Raw CSV — 541,909 rows (UK e-commerce transactions, Dec 2010 – Dec 2011)
│
▼ Python (Pandas) — EDA, cleaning, RFM aggregation
Cleaned RFM table — 397,884 transactions → 4,338 unique customers
│
▼ SQL Server (SSMS) — staging, schema hardening, Primary Key enforcement
dbo.Fact_RFM — 4,338 rows | CustomerID (PK, INT) | Recency | Frequency | Monetary
│
▼ Power BI Desktop — DAX scoring, relational model, interactive dashboard
E-Commerce Customer Analytics Dashboard
| Layer | Tool | Purpose |
|---|---|---|
| EDA & Cleaning | Python (Pandas, Datetime) | Data exploration, cleaning, RFM aggregation |
| Data Warehouse | SQL Server + SSMS | Staging, schema hardening, PK enforcement |
| BI & Visualisation | Power BI Desktop (DAX) | Calculated columns, measures, interactive dashboard |
- Source: Kaggle — E-Commerce Data by carrie1 (UCI Online Retail Dataset)
- Raw size: 541,909 rows — individual product-level transactions
- After cleaning: 397,884 rows | 4,338 unique customers
File: notebooks/churn_rfm_eda.ipynb
- Loaded raw dataset with
encoding='ISO-8859-1'(required for UK pound symbol) - EDA findings: ~135,000 rows (25%) had null CustomerID — anonymous guest checkouts
- Cleaning decisions (documented):
- Dropped null CustomerID rows — cannot segment customers without an identifier
- Dropped negative Quantity rows — product returns would understate true spend history
- Dropped zero UnitPrice rows — data entry errors, not real transactions
- Calculated
TotalSum = Quantity × UnitPriceas the Monetary value per line item - Set
snapshot_date = max(InvoiceDate) + 1 dayas the Recency reference point - Aggregated 397,884 transactions into 4,338 customer-level rows using
groupby:- Recency = days since customer's last invoice from snapshot date
- Frequency = count of distinct invoices per customer
- Monetary = sum of TotalSum per customer
- Resolved float-index export issue by explicitly reconstructing a clean DataFrame
with
rfm.index.astype(int)andindex=Falsebefore CSV export
Output: rfm_data.csv — 4,338 rows, 4 columns (CustomerID, Recency, Frequency, Monetary)

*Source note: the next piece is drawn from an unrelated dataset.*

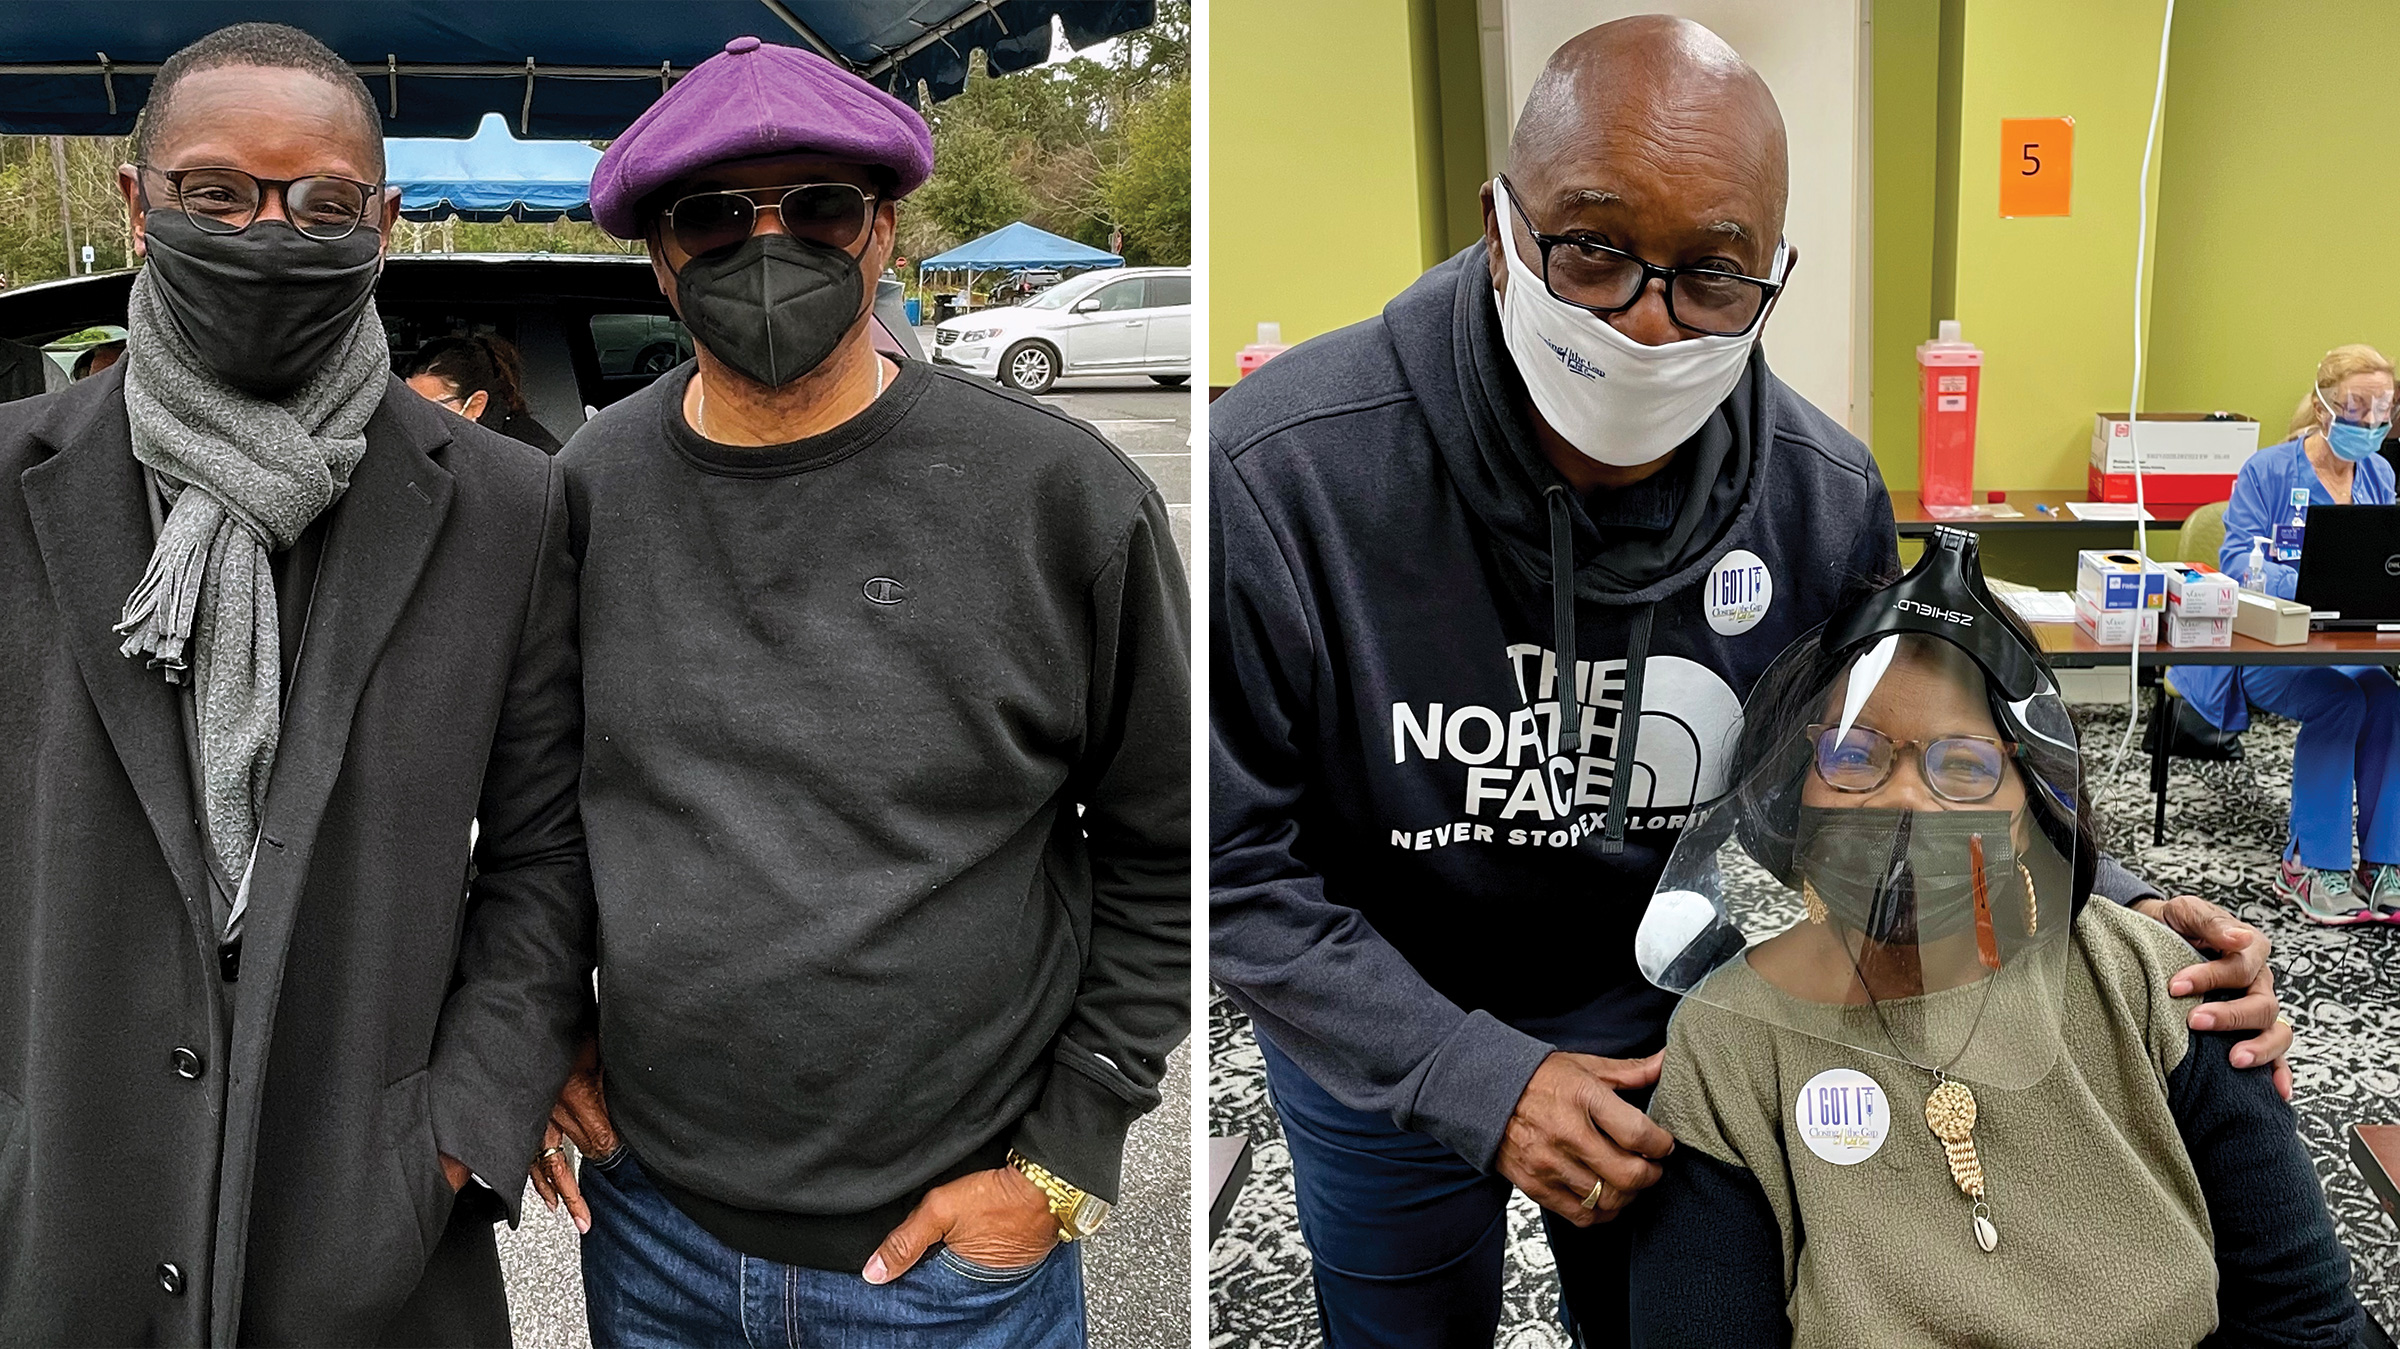 Left: Pastor Kylon Middleton, with Dr. Thaddeus Bell at East Cooper Medical Center in Mount Pleasant, S.C. on March 13; Right: Dr. Thaddeus Bell, with Henrietta Snype at East Cooper Medical Center in Mount Pleasant, S.C. on March 19. (Courtesy Tony Clarke)

File: sql/rfm_schema_hardening.sql
- Created dedicated
Ecommerce_Analyticsdatabase - Staged
rfm_data.csvimport intodbo.Fact_RFM(initial float types for safe landing) - Applied schema hardening script:
ALTER COLUMN CustomerID INT NOT NULL— removed float decimals, enforced integer typeALTER COLUMN Monetary DECIMAL(18,2) NOT NULL— financial precision, prevents rounding errorsADD CONSTRAINT PK_FactRFM_CustomerID PRIMARY KEY (CustomerID)— enforces uniqueness, optimises Power BI joins- Verified zero nulls via
SELECT COUNT(*) WHERE CustomerID IS NULL
- Final table grain: one row per unique customer, indexed for fast BI queries
Final schema:
| Column | Type | Constraint | Role |
|---|---|---|---|
| CustomerID | INT | PRIMARY KEY, NOT NULL | Customer identifier |
| Recency | INT | NOT NULL | Days since last purchase |
| Frequency | INT | NOT NULL | Total invoice count |
| Monetary | DECIMAL(18,2) | NOT NULL | Total spend |
File: dashboard/Ecommerce_RFM_Analytics_v1.pbix
- Fact_RFM loaded from SQL Server (Import mode)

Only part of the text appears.